2020-S3 Searching for Strings - Solution
#define MAX_N 200000
#define MAX_H 200000
#define NUM_ALPHABET 26
int n, h;
char needle [MAX_N + 1];
char haystack[MAX_H + 1];
int hist[NUM_ALPHABET] = { 0 };
void read_input() {
fgets(needle, sizeof(needle), stdin);
n = strlen(needle);
if (needle[n - 1] == '\n') {
needle[n - 1] == '\0';
n--;
}
fgets(haystack, sizeof(haystack), stdin);
h = strlen(haystack);
if (haystack[h - 1] == '\n') {
haystack[h - 1] == '\0';
h--;
}
}
Compute Histogram of Needle
void compute_hist() {
for (int i = 0; i < n; i++)
hist[needle[i] - 'a']++;
}
Pre Hashed String View Class
class pre_hashed_string_view {
public:
pre_hashed_string_view(const char *str, int n, size_t hash) :
str(str), n(n), hash(hash) {}
bool operator ==(const pre_hashed_string_view &b) const {
if (n != b.n)
return false;
return strncmp(str, b.str, n) == 0;
}
const char *str;
int n;
size_t hash;
};
namespace std {
template<> struct hash<pre_hashed_string_view> {
size_t operator()(pre_hashed_string_view const& obj) const noexcept {
return obj.hash;
}
};
}
Compute Histograms of the Substrings in Haystacks
/*
* We compute a histogram of each of the possible substring positions
* and compare with the original histogram of the needle string.

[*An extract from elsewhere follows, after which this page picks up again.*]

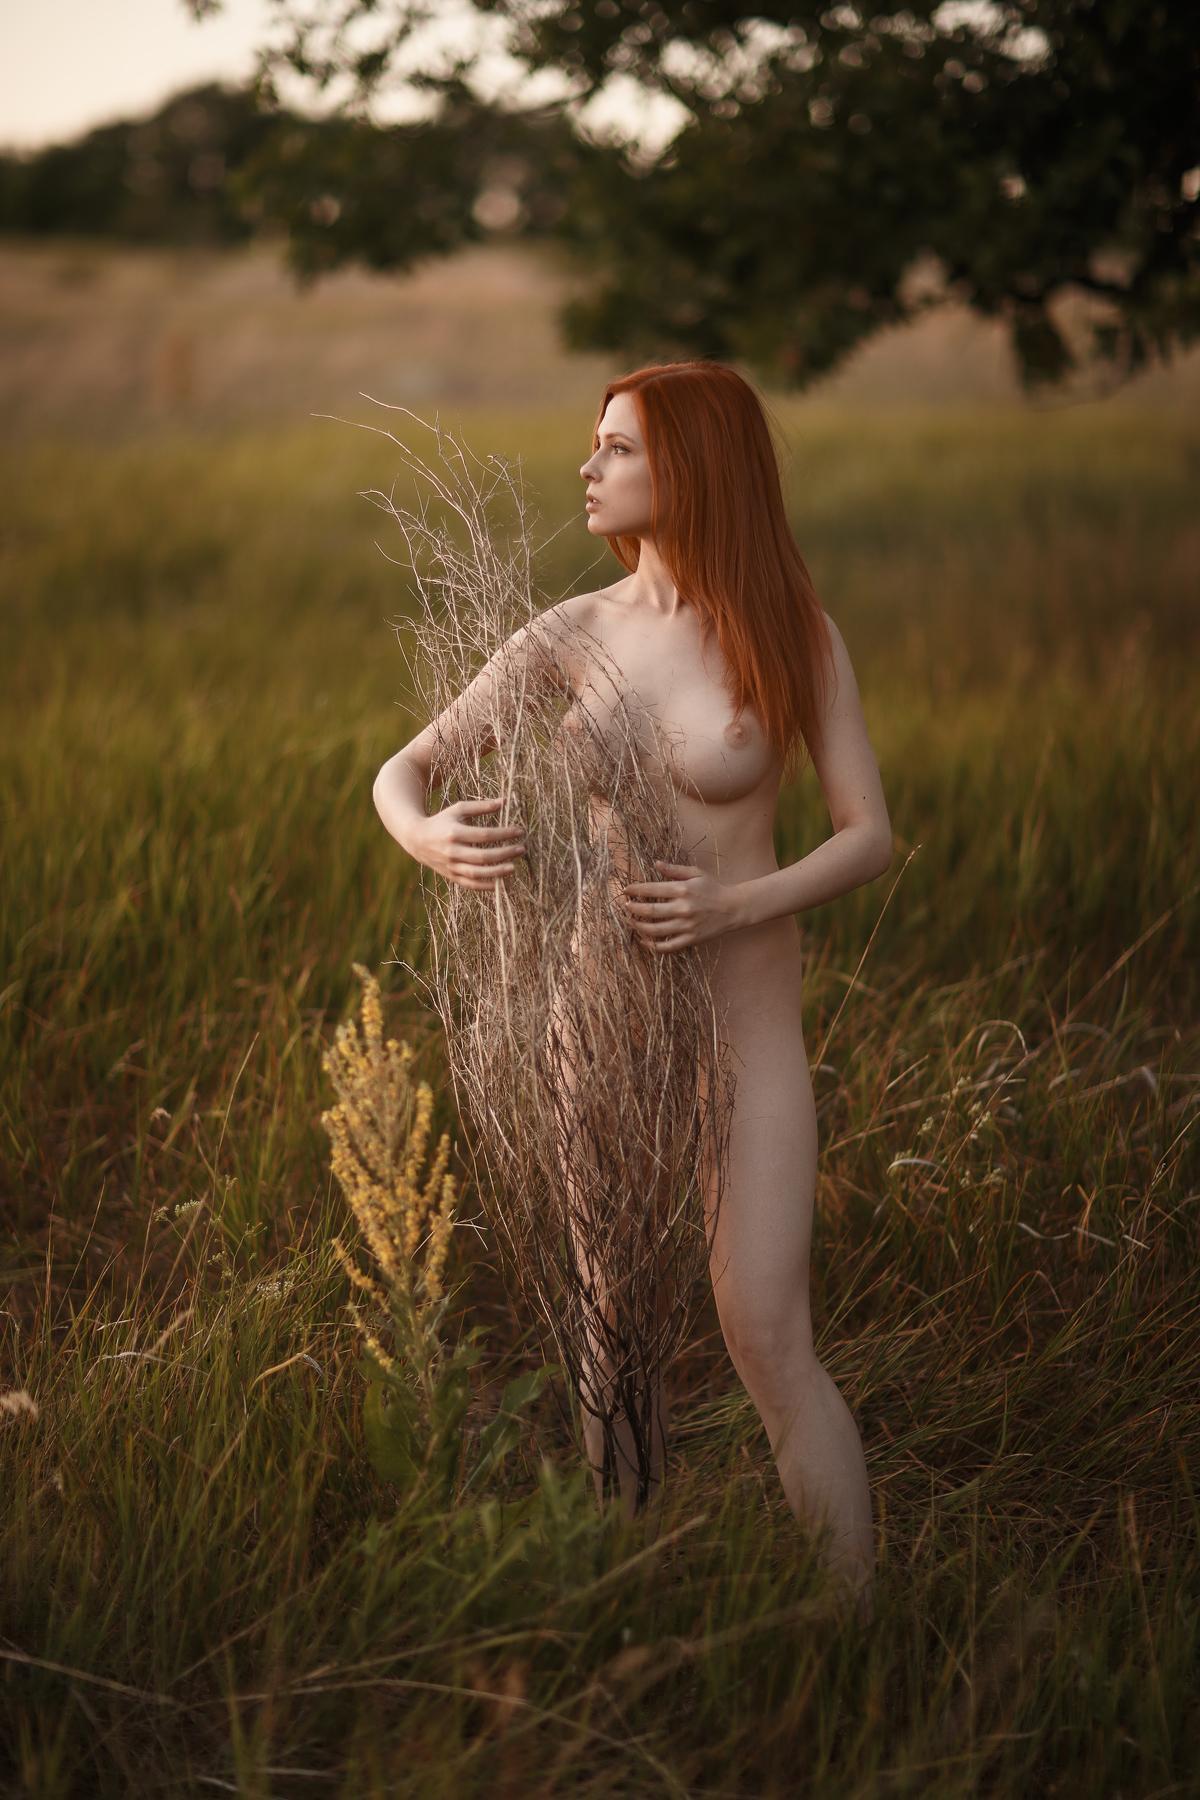 В поле без одежды / фотограф Сергей Сорокин

* For each match we add the substring to a hashset and then return
* the number of unique values.
*/
int solve() {
int running_hist[NUM_ALPHABET] = { 0 };
const int prime = 2000003;
int power = 1;
int hash = 0;
for (int i = 0; i < n - 1; i++)
power = (power * NUM_ALPHABET) % prime;
/* compute histogram for the first position */
for (int i = 0; i < n; i++) {
running_hist[haystack[i] - 'a']++;
hash = (NUM_ALPHABET * hash + (haystack[i] - 'a' + 1)) % prime;
}
std::unordered_set<pre_hashed_string_view> permutations;
/* check the first position against the original histogram */
if (memcmp(hist, running_hist, sizeof(int) * NUM_ALPHABET) == 0)
permutations.emplace(haystack, n, hash);
/* iterate through the remaining positions */
for (int i = 0; i < h - n; i++) {
/* update the histogram */
running_hist[haystack[i] - 'a']--;
running_hist[haystack[i + n] - 'a']++;
/* update the hash */
hash = (NUM_ALPHABET * (hash - ((haystack[i] - 'a' + 1) * power)) + (haystack[i + n] - 'a' + 1)) % prime;
if (hash < 0)
hash = hash + prime;
/* check the position */
if (memcmp(hist, running_hist, sizeof(int) * NUM_ALPHABET) == 0)
permutations.emplace(&haystack[i + 1], n, hash);
}
return permutations.size();
}
Main Function
int main() {
read_input();
compute_hist();
int permutations = solve();
printf("%d", permutations);
return 0;
}